Bernard grumbling he really liked it here, they welded his frame, the girls were
all really nice (I’m sure they were), the bike was safe in the car park etc.
etc.
We pull out past all the expensive four-by-four vehicles – at least it seemed
to have been an expensive brothel – and ride towards Trujillo before continuing
onwards to Chiclayo where a very nice rickshaw driver took us to the Gran Hotel.
The room, and hotel, is everything we recognise, quiet, spacious, menus in
English (Bernard: "This all means Expensive with a capital ‘E’").
We are so tired from the last few days we need to restore some harmony. In
the end we stayed four nights as we wrote and launched the Thailand Update onto
the internet. Through our time there we came back to each other from the places
where we had gone. The bike is checked over, oils and filters are changed and
everything else tightened down as Bertha has taken a beating crossing Peru so
far. Much as we had but without realising to what extent.
We rest in Chiclayo and Hector (the receptionist) seems genuinely surprised
at our leaving four days later.
"Why?" he asks.
"Because it is time to move on Hector" Bernard had said, handing over the 15
cards for postage showing Machu Picchu; which arrived home over three months
later (weeks after ourselves!)
"We have loved your real English accents" he proclaimed.
"Not like American accents" he continued.
We ride into the heat of the desert complete with sand dunes which have crept
over the road while men work with shovels like King Canutes trying to hold back
the waves. The temperature increases drastically and in the sun our gauge shows
45 degrees. Bernard finds the scenery hypnotic and sleepy with the sun so bright
his eyes get sore despite two pairs of sun glasses!
Sullana soon appears and we settle into a hostel for the night. The water is
cool in the shower but I make no complaint as I have started to realise there is
little can be done about it and, after the heat of the day, it is actually
pleasant. I eat tuna steaks and salad and I like it far more than Bernard’s
random menu pick which he say is ‘indeterminable’. The football on the TV blares
in the background as twenty truck drivers shout at their local teams or watch
the two of us in the corner.
The trucks wake us at 6am and the windows rattle as a whole convoy fire up,
one at a time. Revving engines threaten to collapse our building but,
thankfully, it stays upright.
We pull out and ninety miles later we sit eating toast and drinking coffee
while ten mechanics in red overalls from the garage next door watch our every
move and every mouthful. Back on the road we pass through small towns and
encounter the biggest speed humps in the world; we think. Bertha’s sump and
exhausts smack onto the top of them. Bernard tries different speeds and none
alter the outcome. We ride over them slowly, "Bang"; we hit them faster "Bang".

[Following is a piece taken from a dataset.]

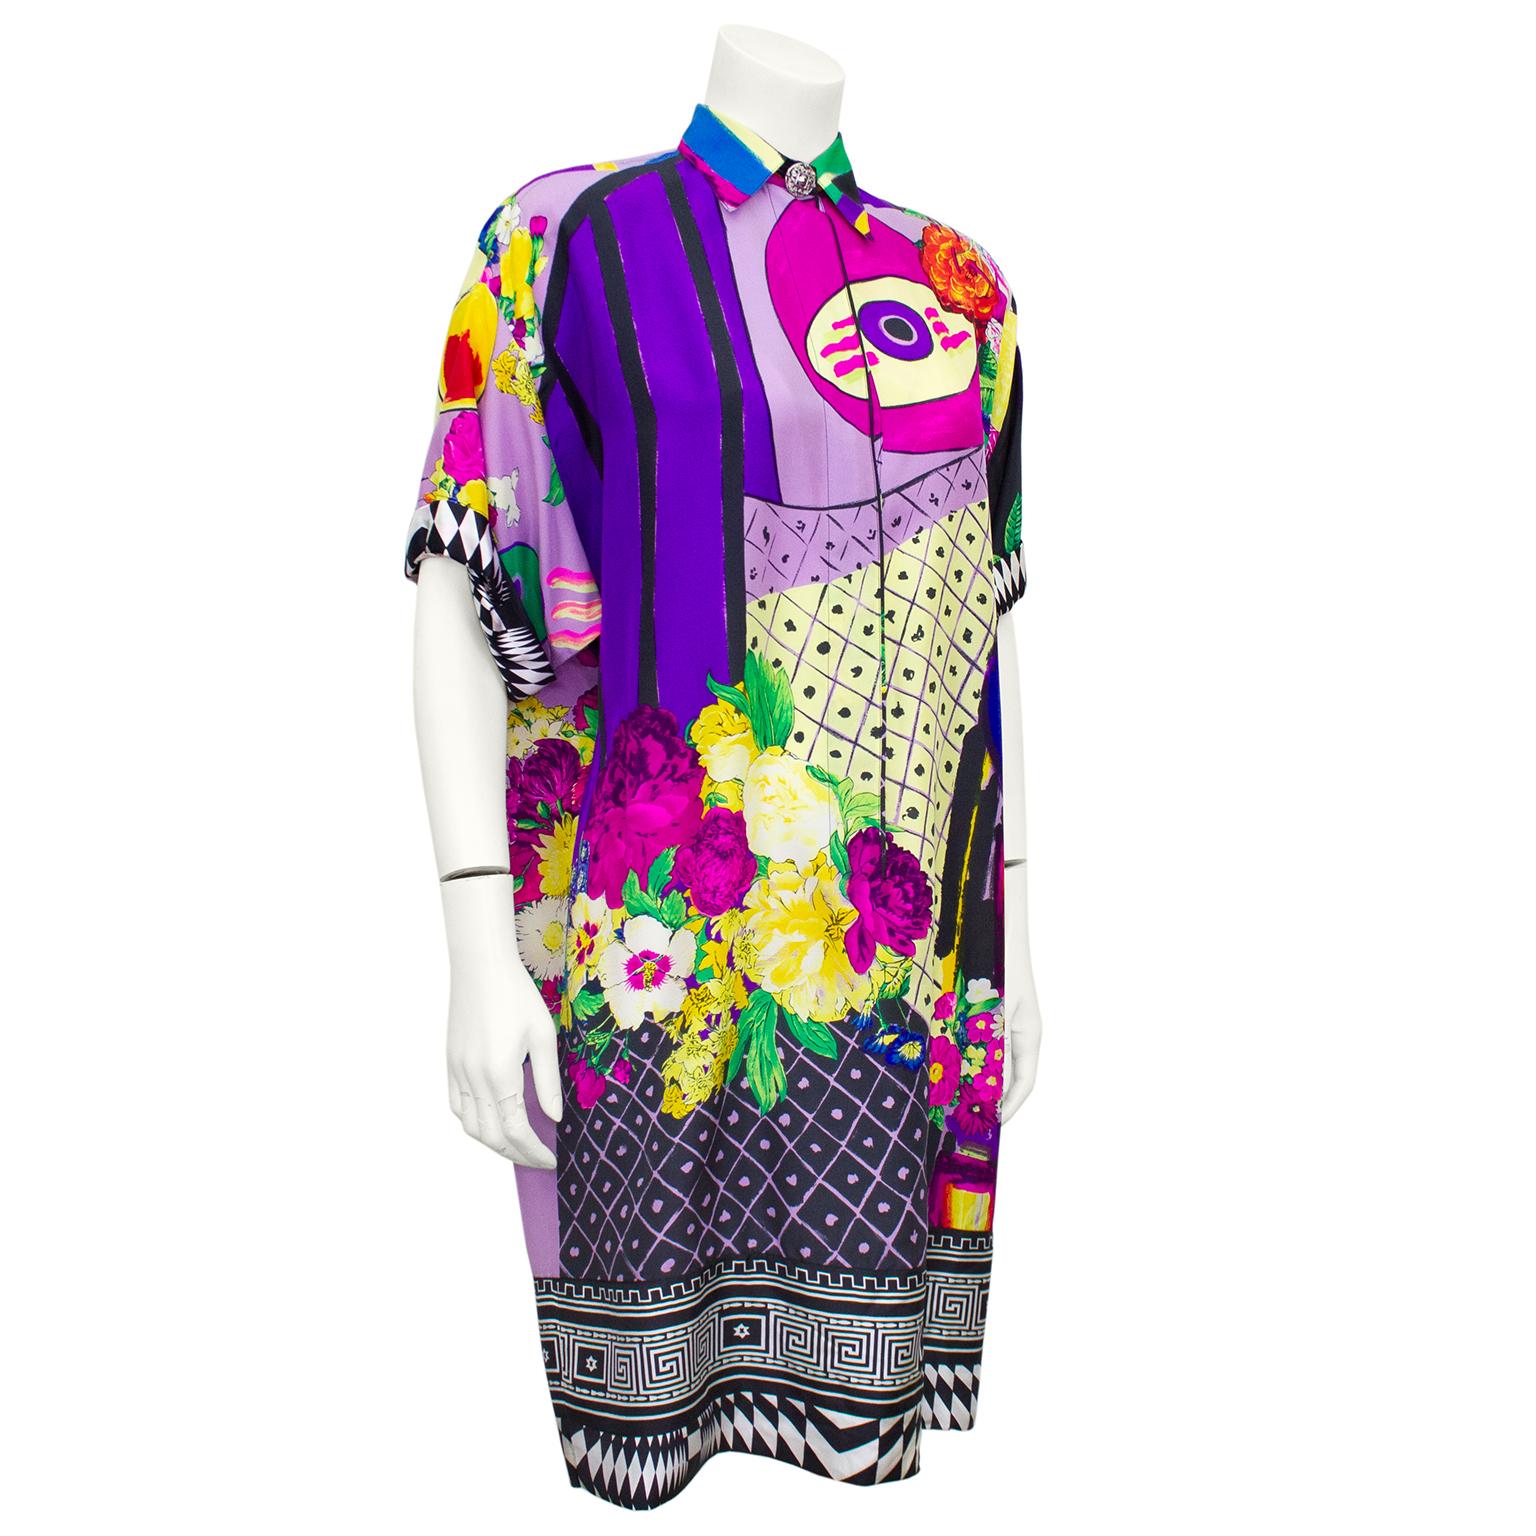 1990s Gianni Versace Couture silk shirt dress. Iconic Gianni Versace with it's mix of colours, prints and patterns. Front features a mix of purple, pink, black, white and yellow with abstract paint brush strokes and flowers. Hem features a mix of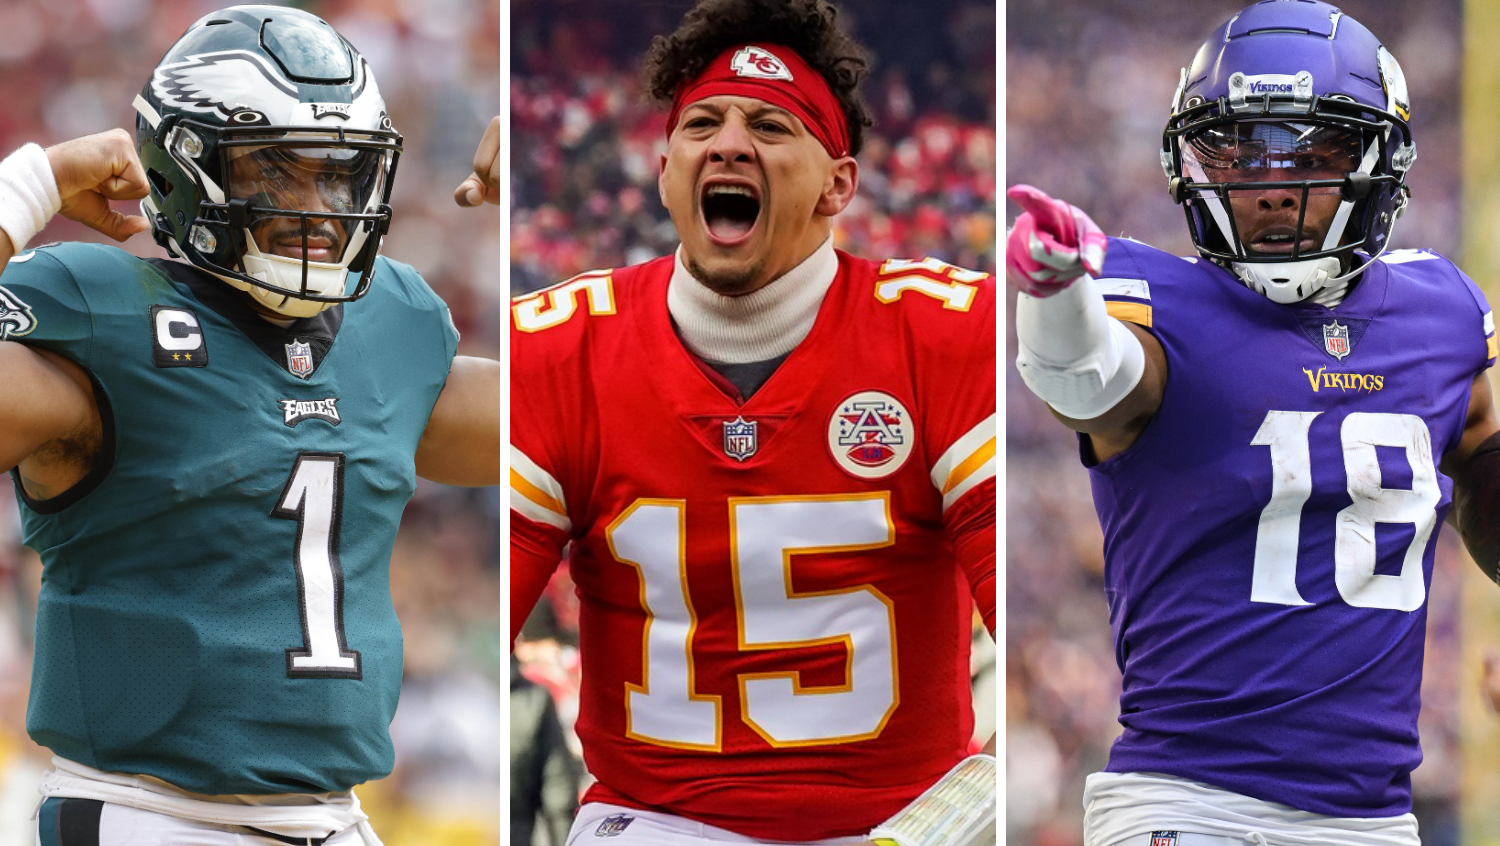 Here are Nos. 1 to 10 on the NFL Top 100 Players list for 2023

The border is not far and we should be there by 1pm so we decide to stop
about 40km away to stretch our legs while Bernard lights up. We have done 140
miles. Fifteen minutes later the starter button is pressed. Nothing. Pressed
again, nothing.
Dead.
Panel lights are on. Horn is pressed and they blare loudly. Voltage shows 13
and good on all meters.
"Damn" accompanies the loud clicking as the starter button is pressed
repeatedly; all to no avail.
A heavy sigh comes through the intercom.
"We have a problem Cath, climb off".
As Bernard dismantles the bike there is the sound of a small motorcycle
pulling up beside us and a voice in heavily accented English asks "Problems?"
It turns out he lives a few hundred yards away and we are soon joined by
another man walking past who is dispatched to the house to get a chair for me to
sit on. As the chair arrives a truck load of Peruvian Police pull up as Bernard
has descended deep into wiring world. The truck is one of the ones Bernard had
waved to earlier and all the police remember the bike. Rapidly they suggest we
bump start it and get to the next town (Tumbes) where a mechanic can look at it.
Bernard: "I readily agreed as if you have ever tried to work on a problem
like this, with eight people watching you, it can be a little disconcerting! So
I put the air filters and petrol tank back on, reconnected fuel lines and
climbed on the bike."
It must have looked really funny in some ways to see five Peruvian Policemen
running down the road pushing Bertha but then I heard her fire up and come back,
slowly, towards me. More handshakes all around and off we go again.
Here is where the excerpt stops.